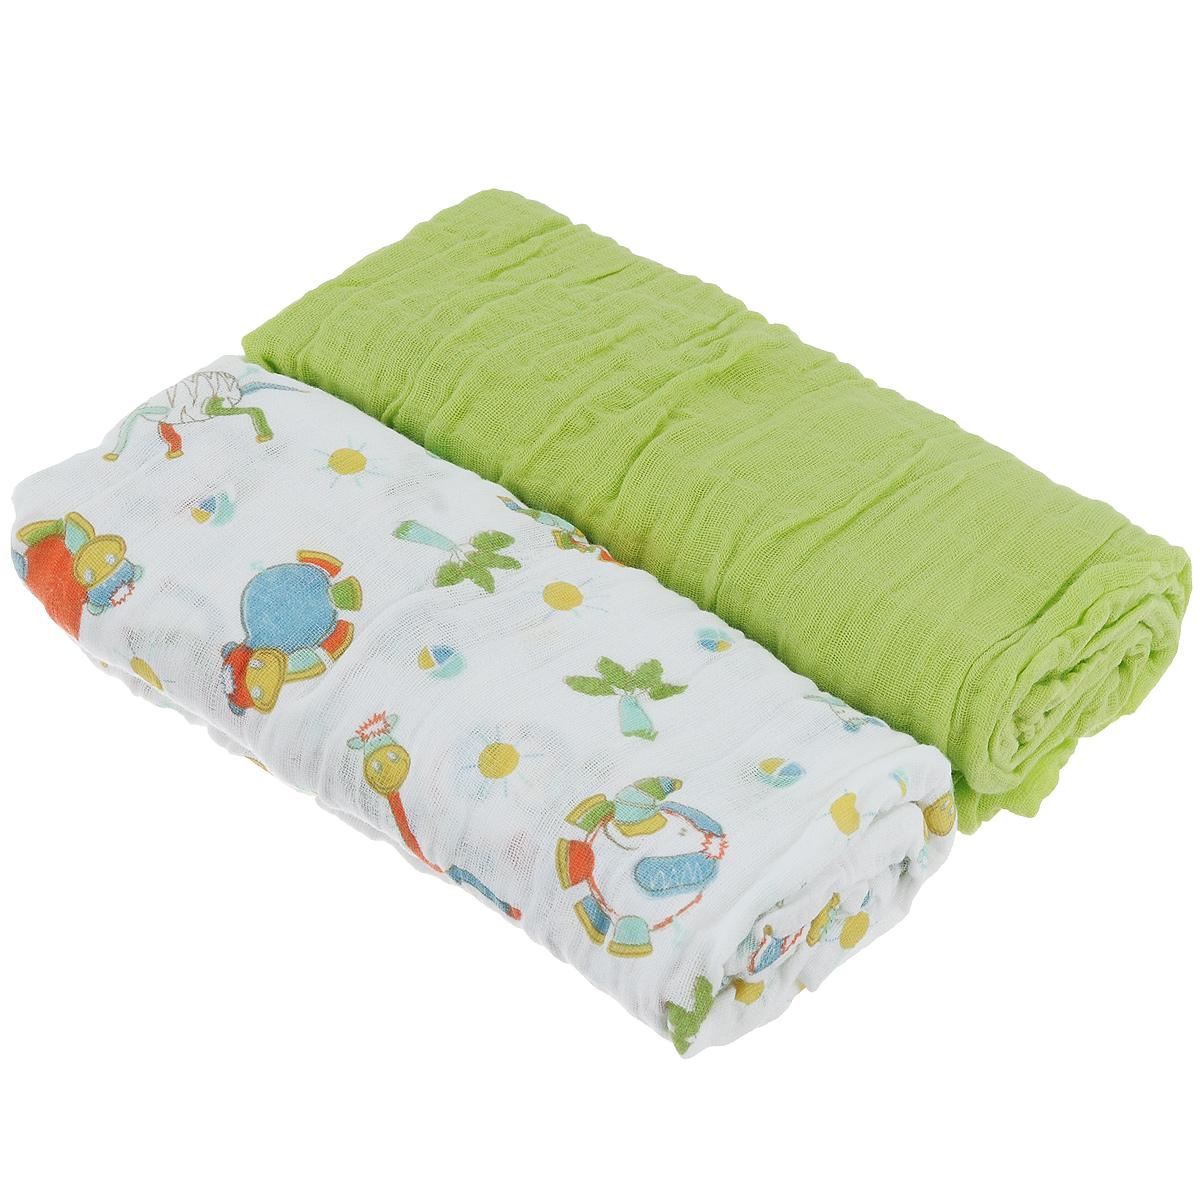 Пеленки Baby Nice муслиновые, цвет: светло-зеленый, 115 см х 115 см, 2 штL115Комплект Baby Nice состоит из двух нежных двухслойных муслиновых пеленок. Одна пеленка - однотонная, другая - с приятным красочным принтом. Изделия изготовлены из натурального 100% хлопка. Пеленка - это простая, удобная, привычная и доступная одежда для новорожденного. Пеленки легкие и воздушные и хорошо вентилируются. Благодаря особой технологии переплетения нитей и специальной отделки пряжи, муслиновые пеленки приобрели улучшенную мягкость и гигроскопичность. Легкие и дышащие, эластичные и практичные, такие пеленки хорошо пропускают воздух, впитывают влагу и прекрасно отдают тепло. Они создадут вашему малышу ощущение свежести и комфорта. Пеленки из хлопкового муслина неприхотливы в использовании и в уходе, они не деформируются. Новорожденному малышу для стимулирования развития необходимо постоянно испытывать тактильные ощущения, ощущать прикосновения к коже. Малыш попадает в огромное для него свободное пространство, которое намного больше...
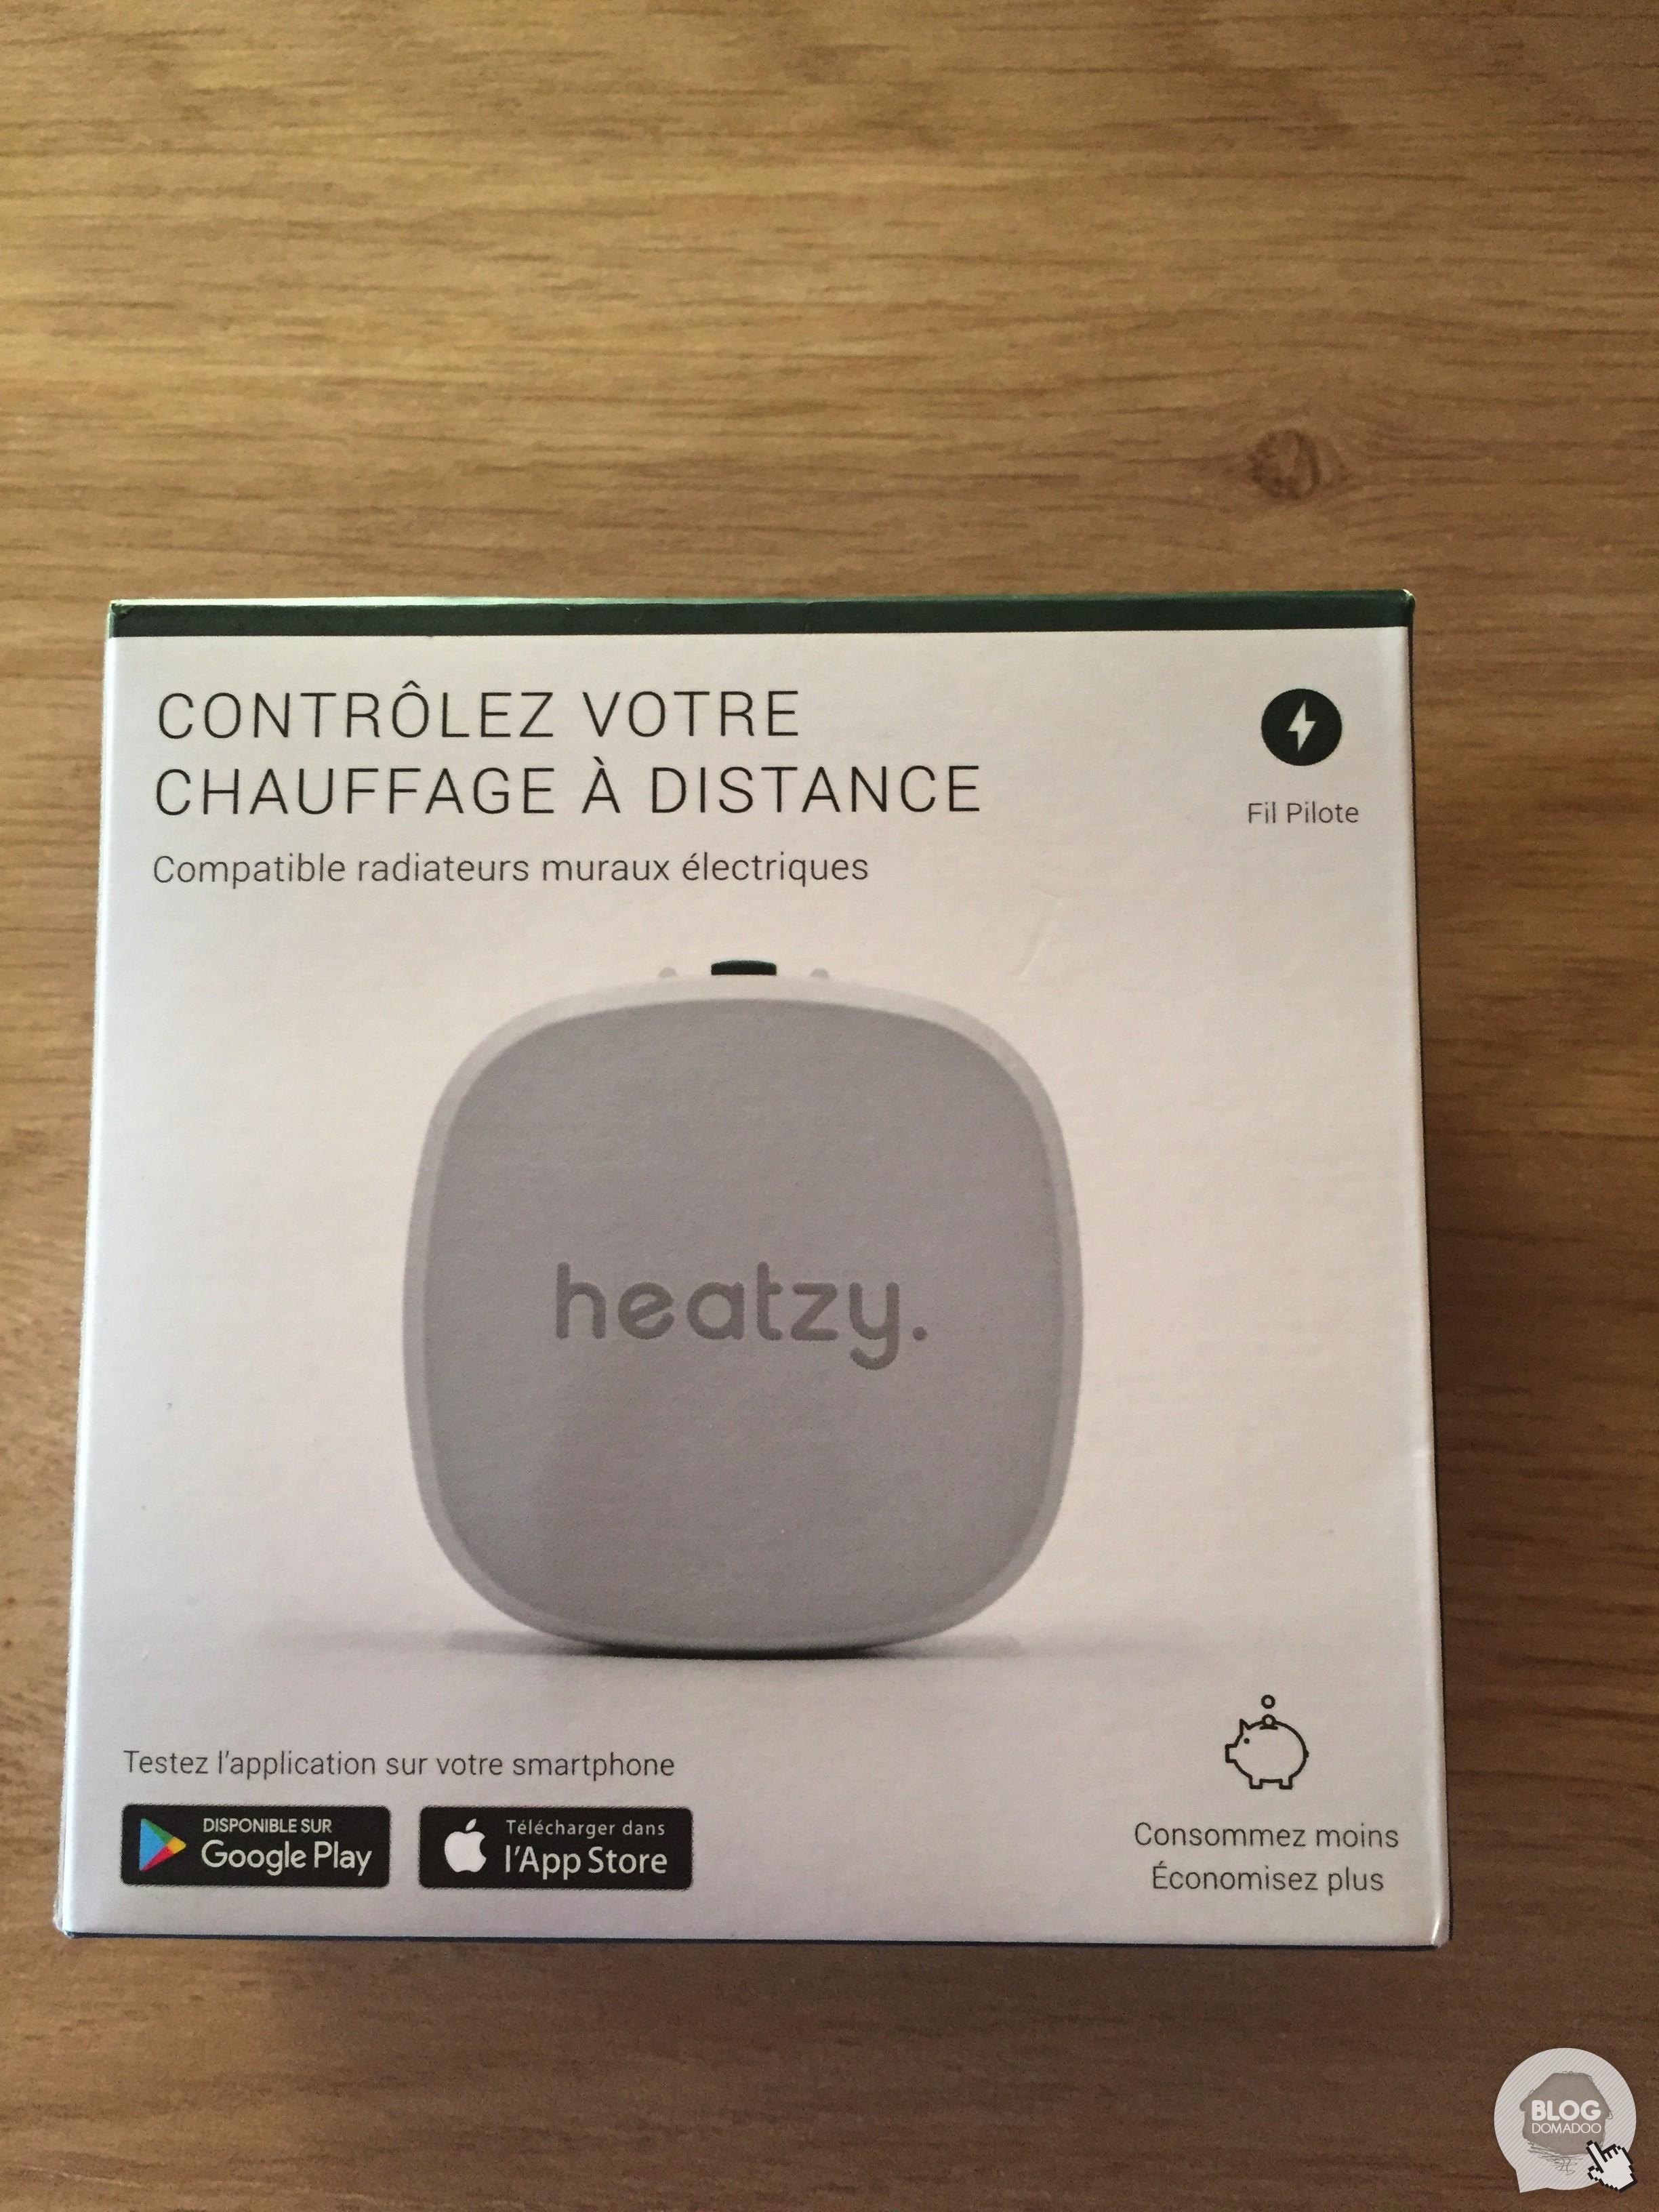 Heatzy2274
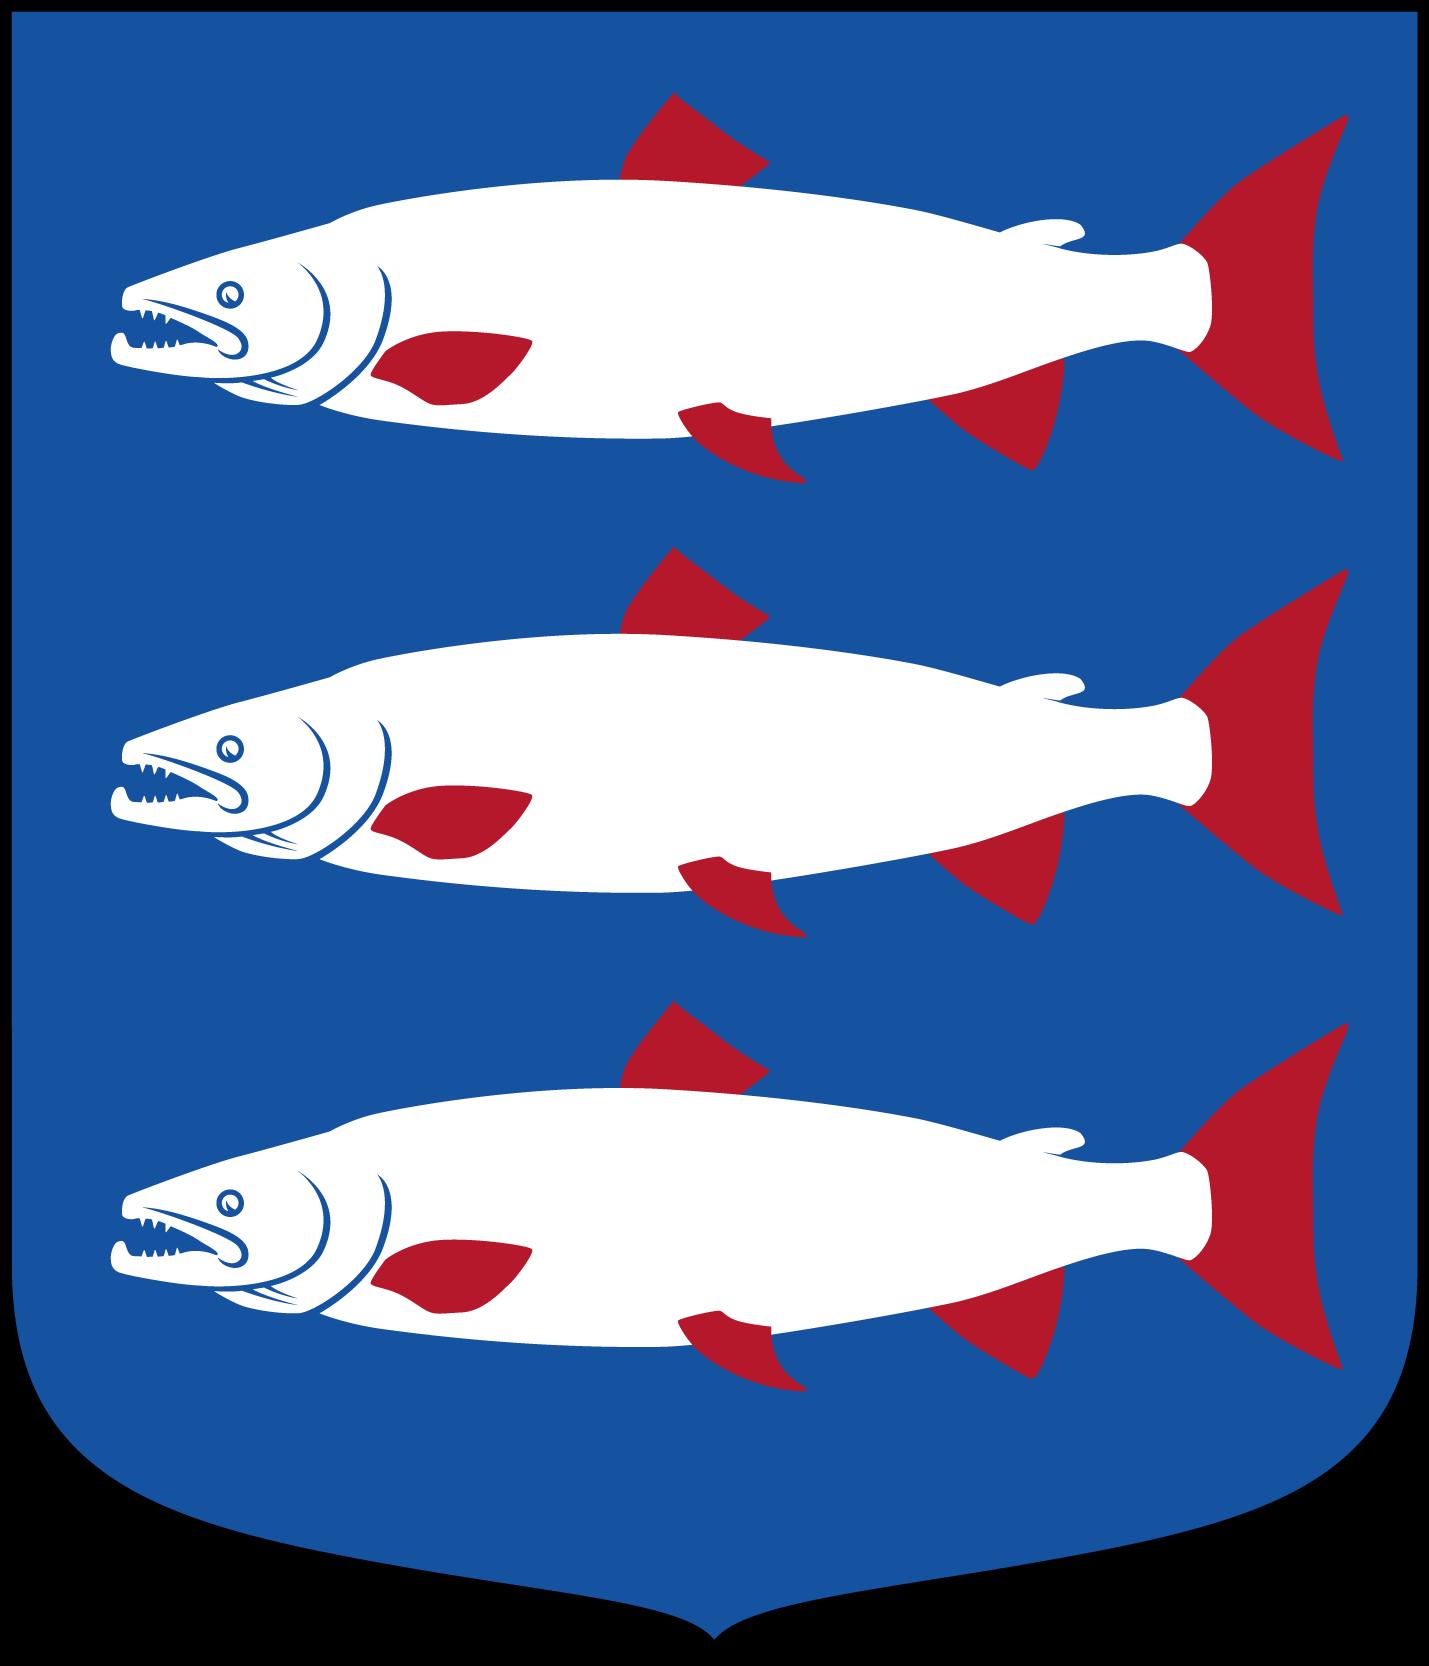 Laholm_kommunvapen_-_Riksarkivet_Sverige

--------------------------------------------------

WORK ORDER – Without including any picture, reproduce the material above word for word.

SOLUTION BELOW –
 Пеленки Baby Nice муслиновые, цвет: светло-зеленый, 115 см х 115 см, 2 штL115Комплект Baby Nice состоит из двух нежных двухслойных муслиновых пеленок. Одна пеленка - однотонная, другая - с приятным красочным принтом. Изделия изготовлены из натурального 100% хлопка. Пеленка - это простая, удобная, привычная и доступная одежда для новорожденного. Пеленки легкие и воздушные и хорошо вентилируются. Благодаря особой технологии переплетения нитей и специальной отделки пряжи, муслиновые пеленки приобрели улучшенную мягкость и гигроскопичность. Легкие и дышащие, эластичные и практичные, такие пеленки хорошо пропускают воздух, впитывают влагу и прекрасно отдают тепло. Они создадут вашему малышу ощущение свежести и комфорта. Пеленки из хлопкового муслина неприхотливы в использовании и в уходе, они не деформируются. Новорожденному малышу для стимулирования развития необходимо постоянно испытывать тактильные ощущения, ощущать прикосновения к коже. Малыш попадает в огромное для него свободное пространство, которое намного больше...
 Heatzy2274
 Laholm_kommunvapen_-_Riksarkivet_Sverige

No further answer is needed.